Does OpenMP natively support reduction of a variable that represents an array?

This would work something like the following...

float* a = (float*) calloc(4*sizeof(float));
omp_set_num_threads(13);
#pragma omp parallel reduction(+:a)
for(i=0;i<4;i++){
   a[i] += 1;  // Thread-local copy of a incremented by something interesting
}
// a now contains [13 13 13 13]

Ideally, there would be something similar for an omp parallel for, and if you have a large enough number of threads for it to make sense, the accumulation would happen via binary tree.

Andrew Wagner
  • 22,677
  • 21
  • 86
  • 100
  • 1
    May be you could explain a bit more what you want to do exactly. Providing serial code might help. – FFox Sep 27 '10 at 05:49
  • Digging around a bit more, it sounds like "only in fortran" is the answer. I ended up just allocating a single large array of local copies outside of the loop, letting the threads accumulate to their own copies within the for loop, then accumulating into a global array after the for loop, still inside the parallel region, inside of a critical section. – Andrew Wagner Sep 27 '10 at 19:52
  • 1
    Digging even more, here is a research paper on something similar, but it's not in openmp yet. http://www.springerlink.com/content/tq76655852630525/ – Andrew Wagner Oct 01 '10 at 14:05
  • You can probably use atomic rather than critical to guard the individual adds (or even an array of locks) if you want to reduce the overhead; you could even use an array of shared arrays rather than private arrays and try to roll your own binary reduction. But it'll be ugly. – Jonathan Dursi Oct 22 '10 at 12:00
  • I ended up manually allocating space for thread-local copies of the arrays. Each thread does 1/8 of the accumulation into its local copy, and then the threads accumulate their local copy into a global copy inside of a #pragma omp critical block. Since the number of cores (8) is much smaller than n, the synchronization overhead is negligible. It ain't pretty, but it works. – Andrew Wagner Oct 24 '10 at 17:21
  • using OpenMP with C++ cannot be recommended: OpenMP does not support recent C++ standards. With C++ you may either want to use `std::thread`s etc, or [tbb](https://www.threadingbuildingblocks.org/) – Walter May 13 '16 at 21:30

5 Answers5

9

Array reduction is now possible with OpenMP 4.5 for C and C++. Here's an example:

#include <iostream>

int main()
{

  int myArray[6] = {};

  #pragma omp parallel for reduction(+:myArray[:6])
  for (int i=0; i<50; ++i)
  {
    double a = 2.0; // Or something non-trivial justifying the parallelism...
    for (int n = 0; n<6; ++n)
    {
      myArray[n] += a;
    }
  }
  // Print the array elements to see them summed   
  for (int n = 0; n<6; ++n)
  {
    std::cout << myArray[n] << " " << std::endl;
  } 
}

Outputs:

100
100
100
100
100
100

I compiled this with GCC 6.2. You can see which common compiler versions support the OpenMP 4.5 features here: https://www.openmp.org/resources/openmp-compilers-tools/

Note from the comments above that while this is convenient syntax, it may invoke a lot of overheads from creating copies of each array section for each thread.

Jeff Trull
  • 1,236
  • 11
  • 16
decvalts
  • 743
  • 10
  • 23
3

Only in Fortran in OpenMP 3.0, and probably only with certain compilers.

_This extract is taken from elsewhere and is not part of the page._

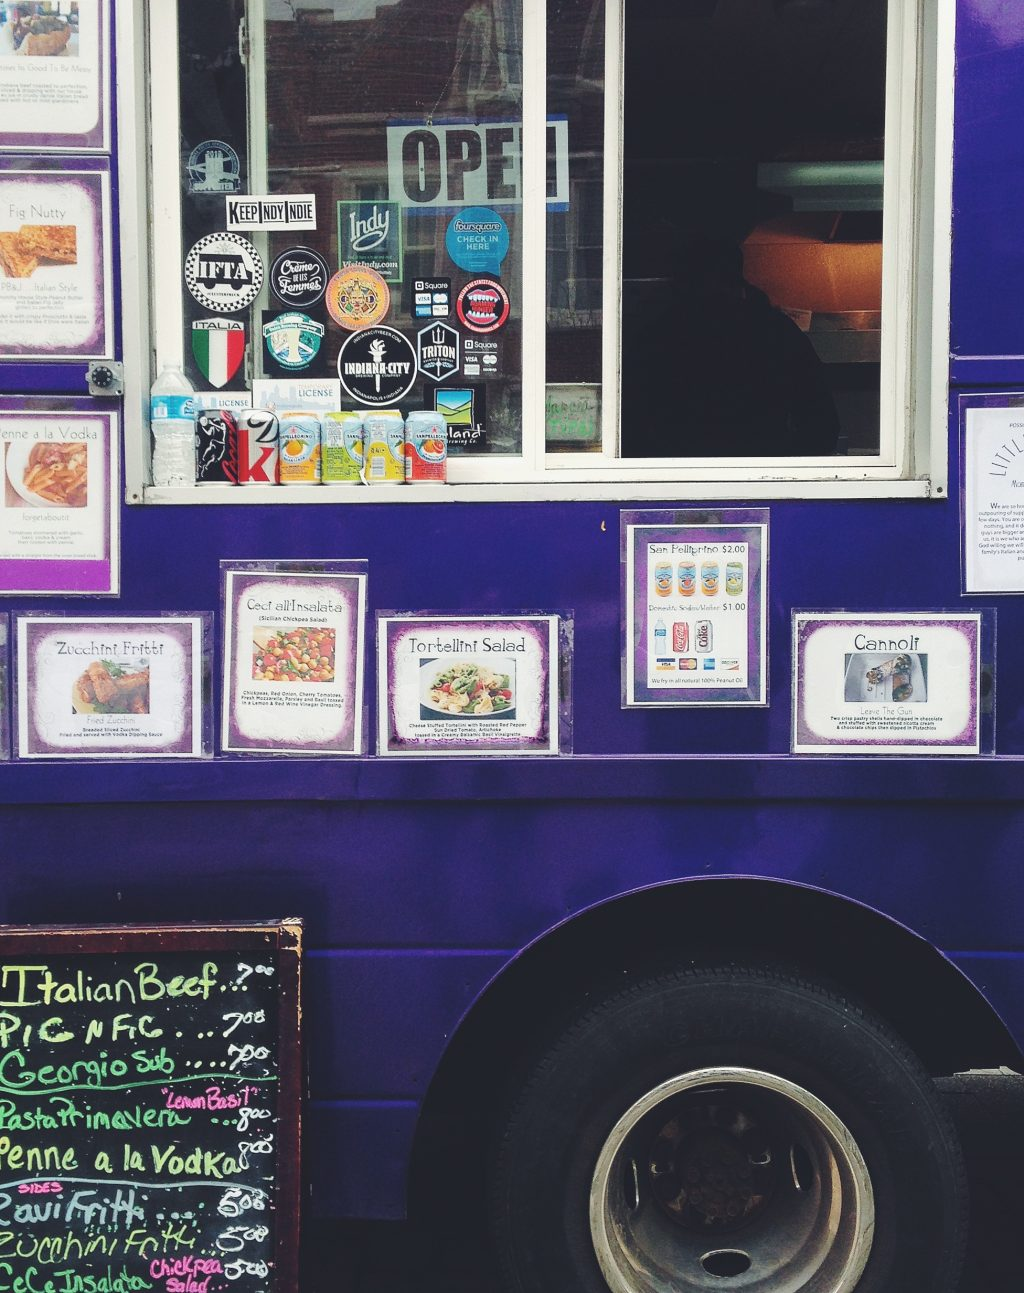 Indiana Food Truck Alliance

See the last example (Example 3) on:

http://wikis.sun.com/display/openmp/Fortran+Allocatable+Arrays

Andrew Wagner
  • 22,677
  • 21
  • 86
  • 100
  • 3
    It is now possible since OpenMP 4.5; see the answer of Chen Jiang below. Basically, you must specify _array sections_ (see Section 2.4, p. 44 of OpenMP 4.5 spec.). Your #pragma specification would look like this: `#pragma omp parallel reduction(+:a[:4])` Be careful with this however, you have to realize that each thread will allocate its own version of the array section; if you do this on large arrays with many threads, you might make your memory need explode. – Hugo Raguet Jun 02 '16 at 14:55
2

Now the latest openMP 4.5 spec has supports of reduction of C/C++ arrays. http://openmp.org/wp/2015/11/openmp-45-specs-released/

And latest GCC 6.1 also has supported this feature. http://openmp.org/wp/2016/05/gcc-61-released-supports-openmp-45/

But I didn't give it a try yet. Wish others can test this feature.

Chen Jiang
  • 21
  • 2
1

OpenMP cannot perform reductions on array or structure type variables (see restrictions).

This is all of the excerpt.